In dieser Bibliothek sind natürlich Beispiel Codeschnipsel enthalten, die ich auch nutze. Pin- Belegung liegt bei mir auf 16 und 17 für SDA, SCL. Folgenden Code habe ich bereits und "Thonny" sagt keinen Fehler:
Python:
from machine import Pin, I2C
import sh1106

# setup the I2C communication
i2c = I2C(0, sda=Pin(16), scl=Pin(17))
display = sh1106.SH1106_I2C(128, 64, i2c, Pin(2), 0x3c)

# The following part changes according to what you want to display
display.text('Hello,', 0, 0)
display.text('peppe8o.com', 0, 16)
display.text('readers!', 0, 32)

# The following line sends what to show to the display
display.show()

Desweiteren hat von euch bestimmt noch jemand einen Tip, wie ich diese beiden Module zum laufen bekommen, denn im Netz findet sich fast nichts, und wenn dann nur sehr sperrige Infos oder gar nur für Arduino/Raspberry Pi dazu:

https://www.reddit.com/r/raspberryp..._to_use_radio_433_mhz_modules_with_raspberry/
 
Guten morgen,
du hast natürlich recht. Bin davon ausgegangen das es ausserhalb gehört und im Lib Ordner nur die von Thonny installierten Pakete dahin verschoben werden. Hat natürlich funktioniert. Danke für den Anstoß. Dennoch würde mich das Funkmodul interssieren, das ich im Garten den Pico mit Messinstrumenten aufstellen möchte und innerhalb vom Netzwerk das von drinnen abrufen möchte. Die Funkmodule habe ich gekauft und liegen hier bereit, Problem dabei ist nur, das ich keinerlei infos und wenn dann nur schwammige und für mich nicht nachvollziehbare Infos dazu finde.
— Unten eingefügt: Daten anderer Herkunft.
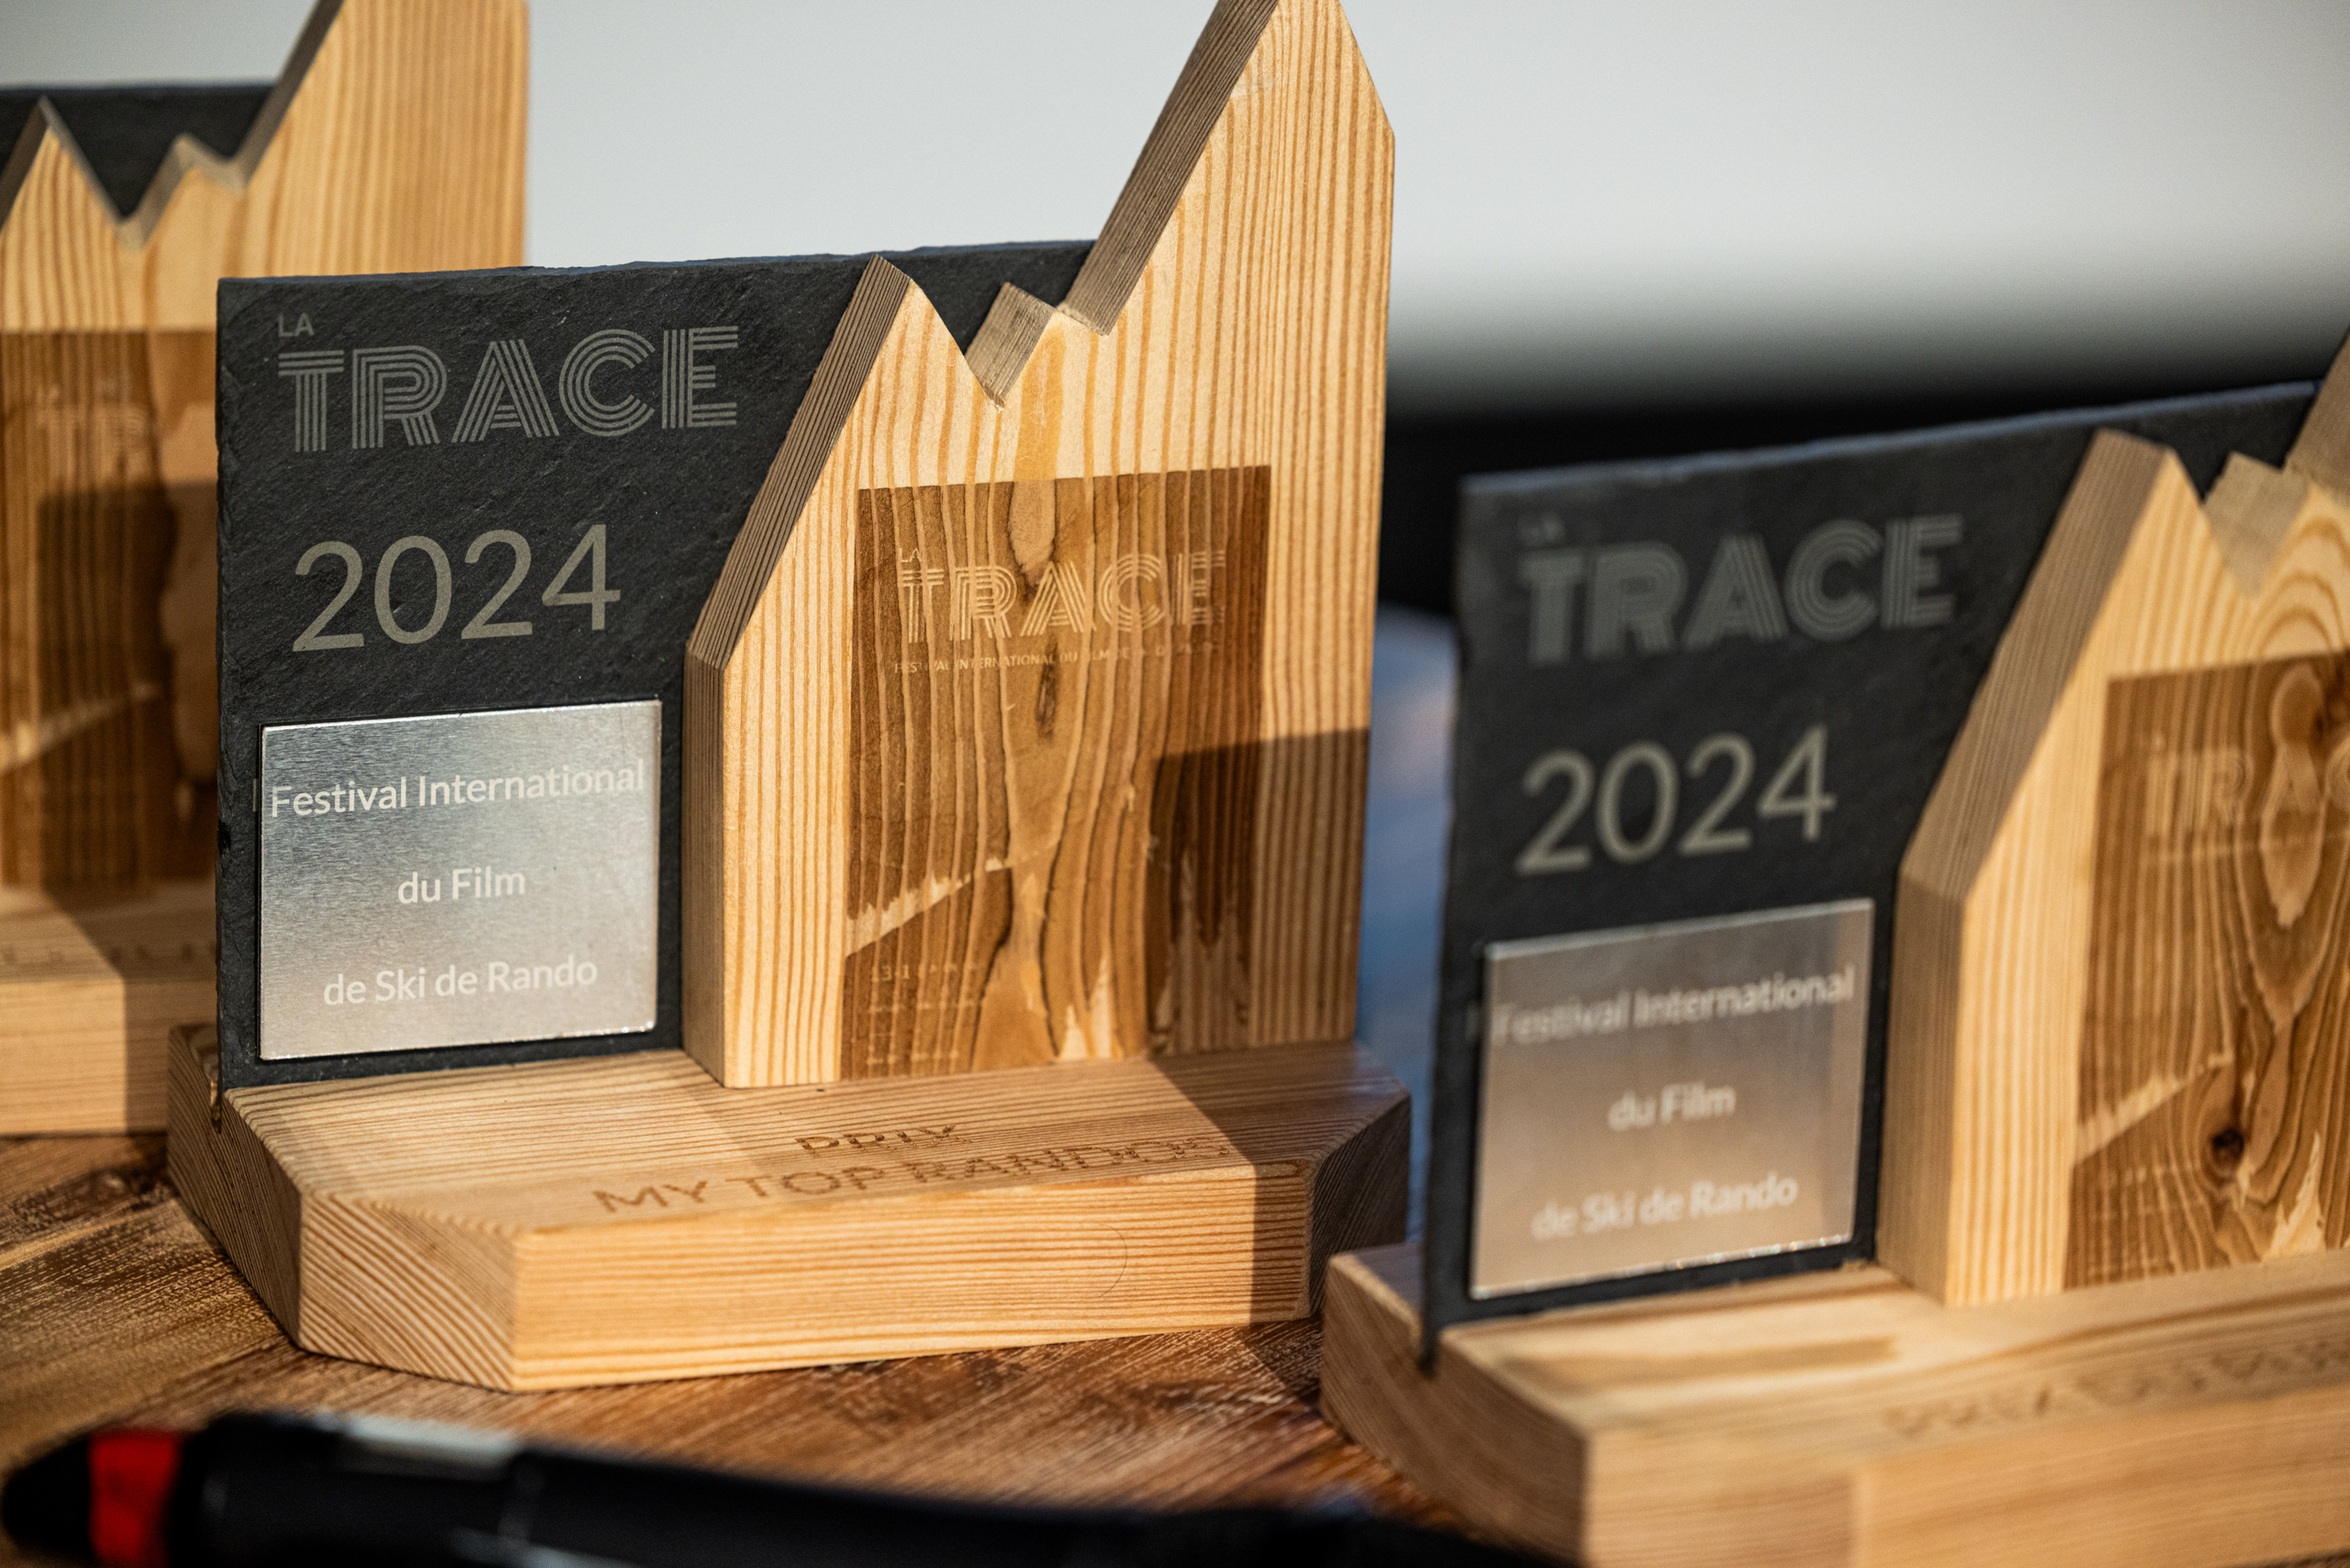 2 lauréats et un clap de fin pour La Trace 2024 !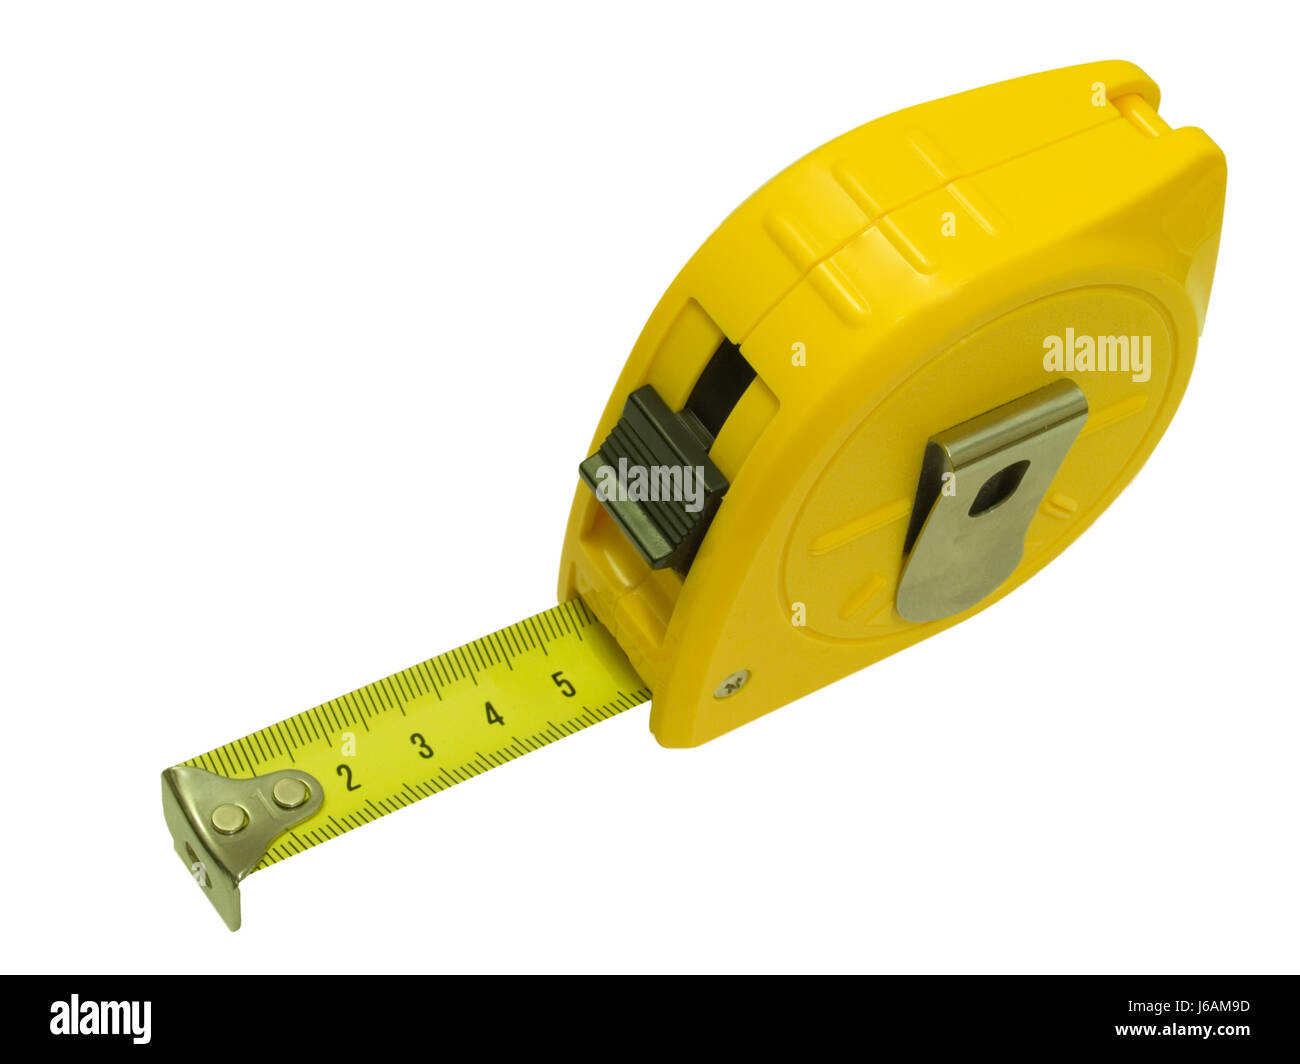 Ingeniería aislado mide la precisión de medida sured arquitecto instrumento cinta Foto de stock

Es handelt sich um diese Module: https://www.berrybase.de/433mhz-sender-empfaenger-superregeneration-modul-fs1000a-xy-fst-xy-mk-5v

Hat jemand ein paar Einsteiger infos, wie ich zB. einen Text vom Pico A zum Pico B versenden kann?
 
Guten abend,

kann mir einer sagen, was ich bei diesem Beispiel falsch verstanden habe?
Python:
from machine import Pin, I2C
import sh1106
import utime, time
import ustruct
import bme280

# BME280: I2C communication
bme=machine.I2C(0,sda=machine.Pin(16), scl=machine.Pin(17), freq=200000)

# OLED: I2C communication
oledClass = I2C(0, sda=Pin(16), scl=Pin(17))
oled = sh1106.SH1106_I2C(128, 64, oledClass, None, 0x3c)

#
# OLED
# -------
# GND R03
# VCC R05
# SDA R20
# SCL R19
#

# BME280:
while True:
    try:
        oled.fill(0)
        # Temperatursensor auslesen
        bme = bme280.BME280(i2c=bme)
        temp, pressure, humidity = bme.values[0], bme.values[1], bme.values[2]
        # OLED: Definde displaytext
        oled.text("Temp: " + str(temp), 0, 0)
        oled.text("Luftdr: " + str(pressure), 0, 12)
        oled.text("Luftf: " + str(humidity), 0, 22)
        oled.text("Zeile 1:", 0, 32)
        oled.text("Zeile 2:", 0, 42)
        oled.text("Zeile 3:", 0, 52)
        # OLED: Show displaytext
        oled.show()
        time.sleep(5)

    except KeyboardInterrupt:
        machine.reset()

Denn ich erhalte folgende Fehlermeldung beim Versuch das in der Schleife laufen zu lassen:
Traceback (most recent call last):
File "<stdin>", line 38, in <module>
File "bme280.py", line 74, in init
AttributeError: 'BME280' object has no attribute 'readfrom_mem'

Ich wäre euch dankbar enn ihr mir den entscheidenen Denkanstoß geben würdet.
 
Du überschreibst die I2C-Variable "bme" (Zeile 8) mit einer vom Typ BME280 in Zeile 28. Beim zweiten Schleifendurchlauf übergibst du dann ("i2c=bme") nicht mehr ein I2C, sondern das BME-Objekt aus dem vorherigen Schleifendurchlauf.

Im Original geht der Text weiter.